The modules seem to be loading:
root@bi-headnode01:~# lsmod |grep -i ib
ko2iblnd 237568 1
lnet 573440 7 osc,ko2iblnd,obdclass,ptlrpc,mgc,lmv,lustre
libcfs 475136 12 fld,lnet,osc,fid,ko2iblnd,obdclass,ptlrpc,mgc,lov,mdc,lmv,lustre
ib_ucm 20480 0
ib_umad 24576 0
mlx5_ib 401408 0
ib_uverbs 135168 3 rdma_ucm,mlx5_ib,ib_ucm
ib_ipoib 180224 0
ib_iser 53248 0
rdma_cm 61440 3 ko2iblnd,ib_iser,rdma_ucm
ib_cm 57344 3 rdma_cm,ib_ipoib,ib_ucm
libiscsi 61440 1 ib_iser
mlx5_core 1216512 2 mlx5_fpga_tools,mlx5_ib
scsi_transport_iscsi 110592 2 ib_iser,libiscsi
mlx4_ib 229376 0
ib_core 335872 12 rdma_cm,ib_ipoib,ko2iblnd,mlx4_ib,iw_cm,ib_iser,ib_umad,rdma_ucm,ib_uverbs,mlx5_ib,ib_cm,ib_ucm
mlx4_core 352256 2 mlx4_ib,mlx4_en
mlx_compat 65536 17 rdma_cm,ib_ipoib,mlx4_core,ko2iblnd,mlx4_ib,iw_cm,mlx5_fpga_tools,ib_iser,ib_umad,mlx4_en,ib_core,rdma_ucm,ib_uverbs,mlx5_ib,ib_cm,mlx5_core,ib_ucm

Are you running ibping server on the destination (0x506b4b030073a571)?

Yes I am running ibping -S on the head node (0x506b4b030073a571).

When I run it in reverse I get nothing back.

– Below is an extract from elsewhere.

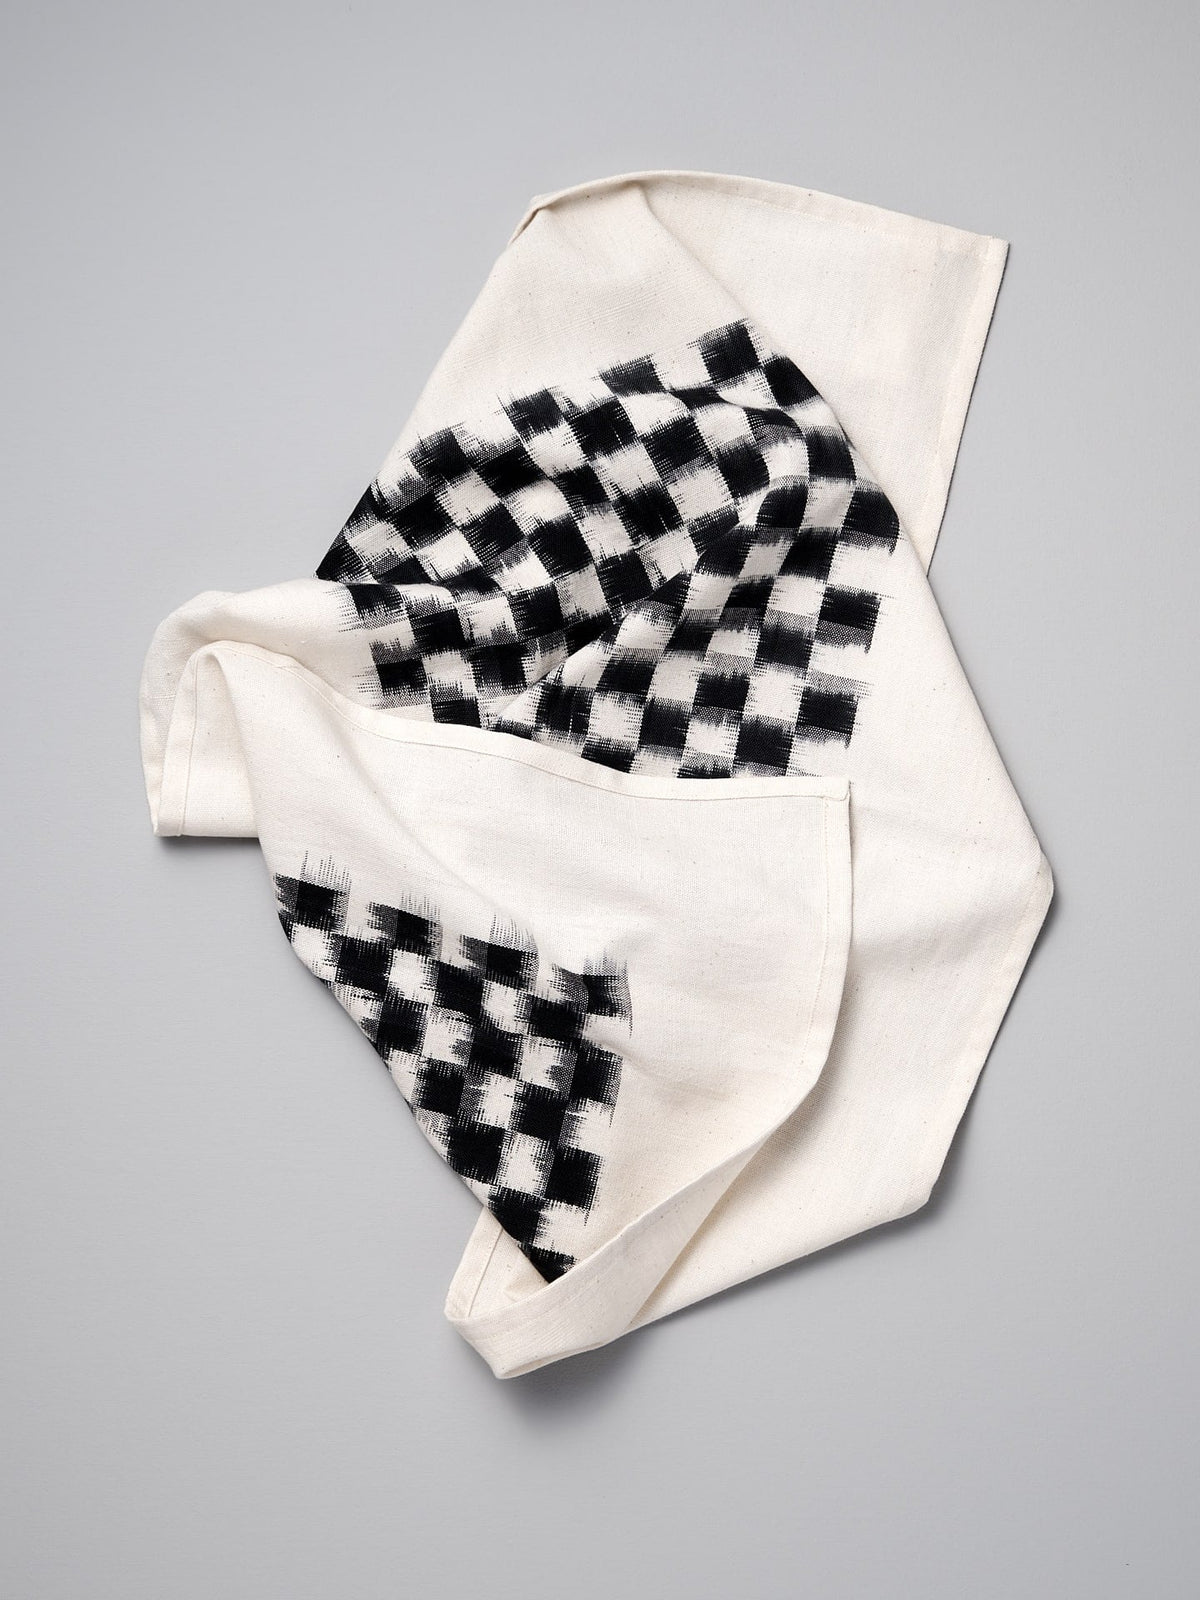 A Ikat Weave Tea-towel – Black Check handkerchief on a white surface from Stitchwallah.

Could you please try the below?

a. Gather the Base LID of the headnode by running the following command on the headnode → ibstat
b. Once you get the LID of the headnode, run this command on the destination (in our case, the headnode) → ibping -S
c. Run this command from the source → ibping -c 5

Please let us know if that works.

root@bi-headnode01:~# ibstat
CA ‘mlx4_0’
CA type: MT4099
Number of ports: 1
Firmware version: 2.42.5000
Hardware version: 1
Node GUID: 0x506b4b030073a570
System image GUID: 0x506b4b030073a573
Port 1:
State: Active
Physical state: LinkUp
Rate: 56
Base lid: 4
LMC: 0
SM lid: 1
Capability mask: 0x02514868
Port GUID: 0x506b4b030073a571
Link layer: InfiniBand
root@bi-headnode01:~# ibping -S

[root@bi-ddn2 network-scripts]# ibping -L 4 -c 5 -f
ibwarn: [4967] _do_madrpc: recv failed: Connection timed out
ibwarn: [4967] mad_rpc_rmpp: _do_madrpc failed; dport (Lid 4)
ibwarn: [4967] _do_madrpc: recv failed: Connection timed out
ibwarn: [4967] mad_rpc_rmpp: _do_madrpc failed; dport (Lid 4)
ibwarn: [4967] _do_madrpc: recv failed: Connection timed out
ibwarn: [4967] mad_rpc_rmpp: _do_madrpc failed; dport (Lid 4)
^C
— (Lid 4) ibping statistics —
4 packets transmitted, 0 received, 75% packet loss, time 4030 ms
rtt min/avg/max = 0.000/0.000/0.000 ms

Thank you for providing the output. Could you please verify if opensm is running → systemctl status opensm
If it is not running, please run → systemctl start opensm

Also, use this command to restart openibd → /etc/init.d/openibd restart

Can you confirm if this issue is occuring across all nodes in your fabric?
If using virtualization, GRH (global routing header) must be present in the packet. For ibping, --dgid parameter needs to be used (see man ibping).
To get GIDs, on the server run ‘show_gids’ and use the output on the client side.